How big chains use a little-known lease agreement to kill competition

The story we tell ourselves about capitalism is that it’s a free market system in which firms slug it out for the privilege to sell us an apple or a mid-sized sport utility vehicle. Doesn’t it sound nice? In this fairy tale, competition is the stuff of magic. It has a disciplining function, keeping the sellers sleek, honest, and incentivized to innovate. Prices go down, quality goes up. Everybody wins.

Companies throughout Canada use property controls to keep competing businesses from certain locations

By exercising this control, dominant firms shape both markets and the physical landscape

Politicians are finally waking up to the costs of corporate gatekeeping

In practice, capitalists hate competition. It’s too hard. For big companies, half of the job is limiting those who might compete, often through buying them out or finding ways to keep them from doing business. The easiest rival to beat is the one that never gets the chance to open its doors—or doesn’t keep them open for long.

To their discredit, governments, particularly in Canada, have historically been lousy at inducing market competition or preventing corporations from building oligopolies and monopolies. While Parliament updated the Competition Act in 2024, granting the Competition Bureau expanded powers that came into force in 2025, the pro-competition body has never successfully blocked a merger. Indeed, before recent changes to the act, the law allowed mergers to more or less produce market monopolies. The upshot for consumers is that we face higher prices, fewer choices, and a more displeasurable retail experience.

One of the most insidious anti-competitive tools is the property control clause. It’s a common barrier to competition used by companies throughout the country, especially grocery store chains, including Loblaw, everyone’s favourite everything company.

According to the Competition Bureau, property controls take the form of either exclusivity clauses or restrictive covenants, which have slightly different meanings in the law, but which amount to the same thing: they prohibit businesses from opening a shop at a competitor’s current or previous location.

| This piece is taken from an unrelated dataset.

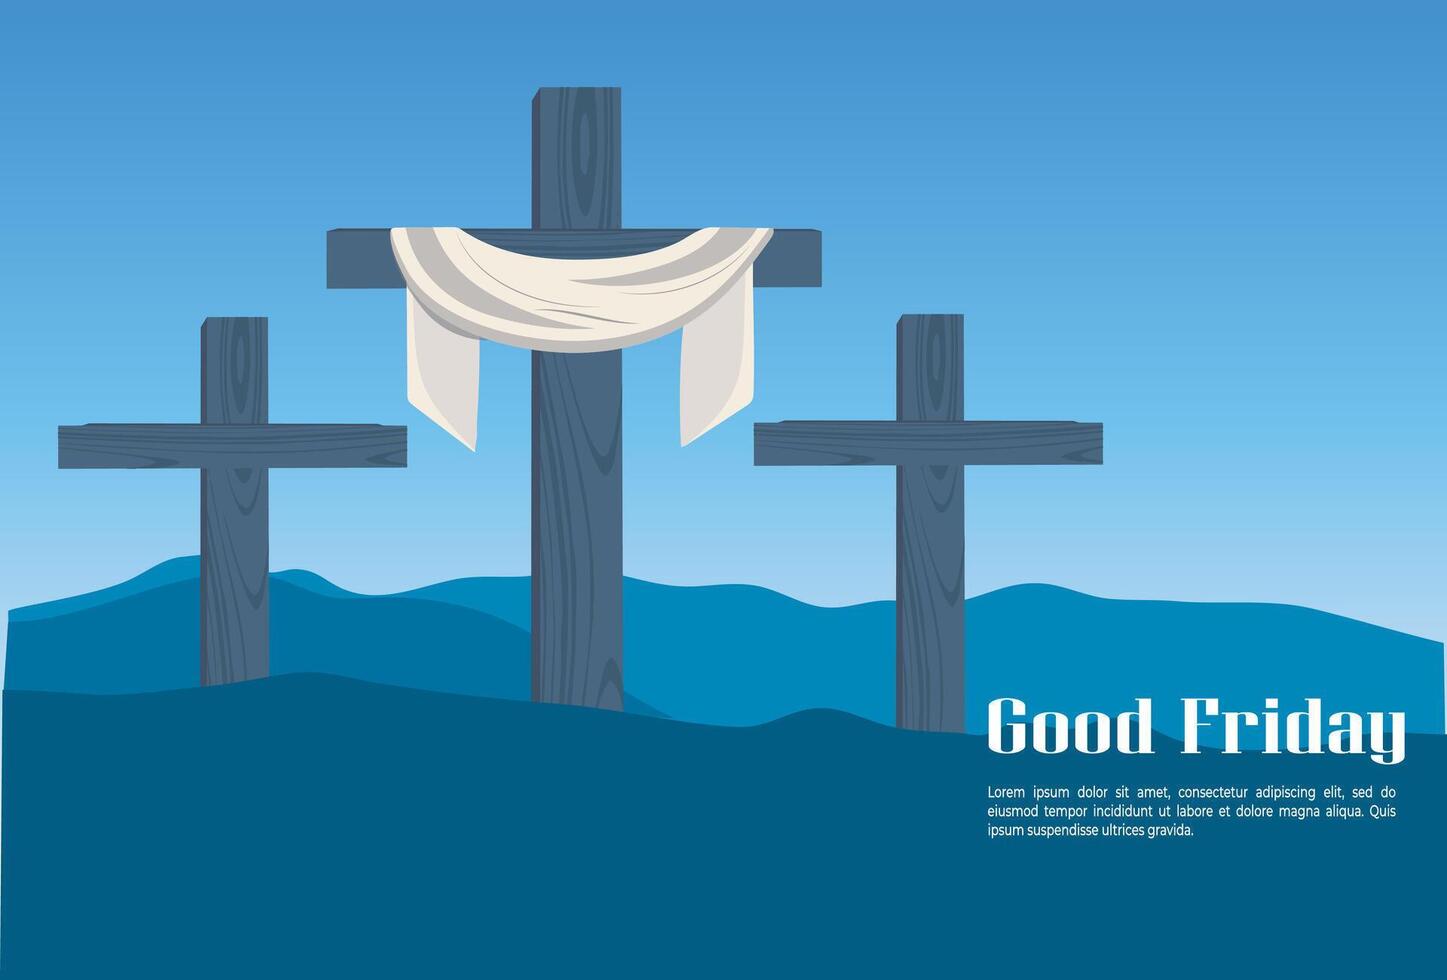 Jesus cristão Boa Sexta-feira evento ilustração social meios de comunicação postar vetor

A grocery chain might use property controls to insist that, as a condition of its role as an anchor tenant in a plaza, no other grocers may open nearby. But they might also limit other businesses unrelated to their core trade, such as dentists, bowling alleys, or arcades. After all, why should consumers be permitted to roll a turkey and then buy a chicken? More seriously, these clauses are about monopolizing destinations, not products. The less reason consumers have to visit competing centres—where they might spend money—the more valuable an anchor business’s location becomes.

If anti-competitive uses of restrictive clauses sound unreasonable, even rage inducing, the details of their use are worse still. Jacob Filipp, a marketing operations professional, maintains a personal website that tracks restrictive grocery covenants across Canada. Retailers on the list include Loblaw, Shoppers Drug Mart, Sobeys, and Save-On-Foods.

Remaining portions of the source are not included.